In my experience, no other book of the Bible is as misunderstood, misused, or avoided as the book of Revelation. I can recall my own misguided thinking about this book of the Bible, shaped by the children’s bible study and the preaching in the Baptist churches I attended with my aunt in central Illinois, and the United Church of Christ I attended with my mother near Chicago. In the former, it was seen as conveying a prophesy about a distant future, unrealizable in the present age, and preached upon with a heavy dose of gloom and doom as incentive to get right with the Lord. In the latter, it was referred to as an example of apocalyptic literature, written for those people in that day and age, but having only symbolic meaning for us today at best, or as having no place or value in our enlightened age and time, except as an academic study, at worst. As a young adult, when I lived in Colorado Springs, CO, I overheard many street corner preachers using the images in the book of Revelation to scare their listeners. Sadly, today, we have a world filled with “end-times” theologies, in which this wonderful book of the Bible is used to frighten and enslave, or in the service of a particular geopolitical ideology, and the popular media, which thrives on sensationalism, promotes these misguided views of the book of Revelation. Recently, in a letter, I wrote the following in regard to this: Many Christians, of whatever stripe, have been misled, including myself before my convincement, about the meaning and place of the book of Revelation in our faith, and others avoid it for the same reason, thereby denying themselves a precious volume that, as George Fox pointed out, was written for us. I can recall how radically different, and refreshing, when I first read them, were Fox's openings on this book as recorded in his journal. Arthur Berk, of the New Foundation Fellowship, has written a small booklet entitled George Fox & the Book of Revelation, a work that I highly recommend.

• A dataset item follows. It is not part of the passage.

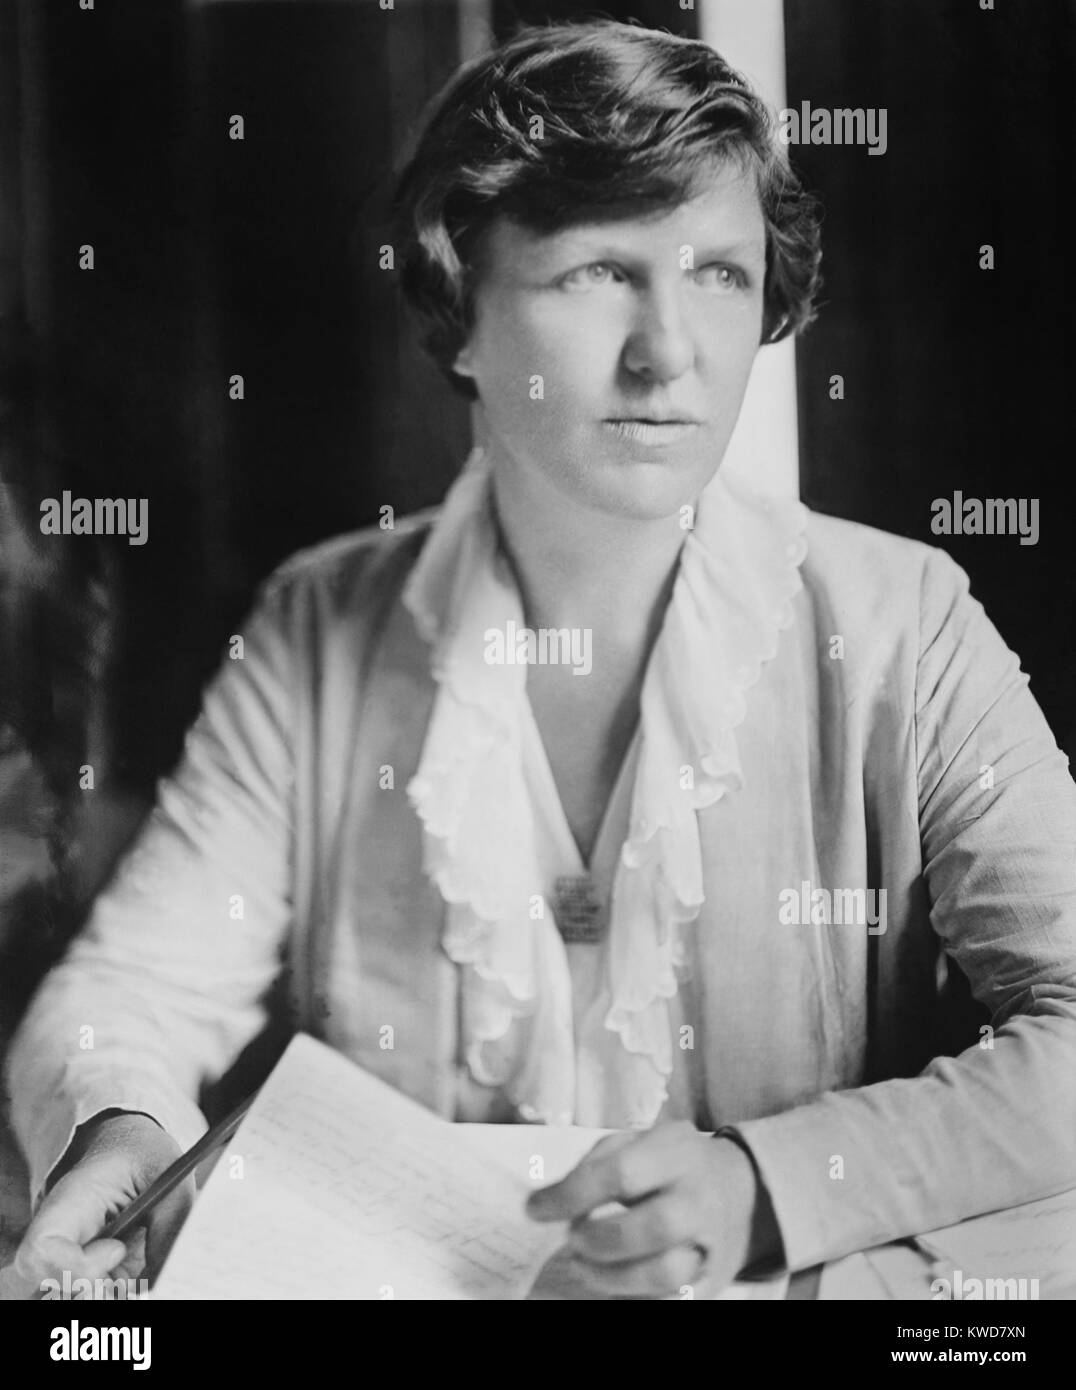 Elsie Hill, amerikanische feministische, Ca. 1920. Sie war ein aktiver suffragist von 1913 bis 1920, Planung großen Märsche und zweimal für Sprechen und Streikposten verhaftet. Nach 1920 war sie im Antrieb aktiv Der Nationalen Frauen Partei für eine gleichwertige Rechte Änderung für Frauen. (BSLOC 2015 16 202) Stockfoto

I must say, when I read Fox’s journal for the first time, prior to my convincement, my reaction to his openings on the book of Revelation were that his thinking was so far ahead of others of his time. After my convincement, though, it became clear through my own experience that his openings had nothing to do with him being ahead of his time, and everything to do with being in the Spirit which gave forth the Scriptures. It is only by being in the same Spirit that gave them forth that one may rightly understand them. Arthur’s work is a succinct guide and aid for reflection and study, as it pulls together Fox’s writings on the text and the text of Revelation itself. As said in the excerpt from my letter above, I highly recommend this small but essential work to Friends and others who seek to be turned “from darkness to the marvelous Light of Christ” (p.12)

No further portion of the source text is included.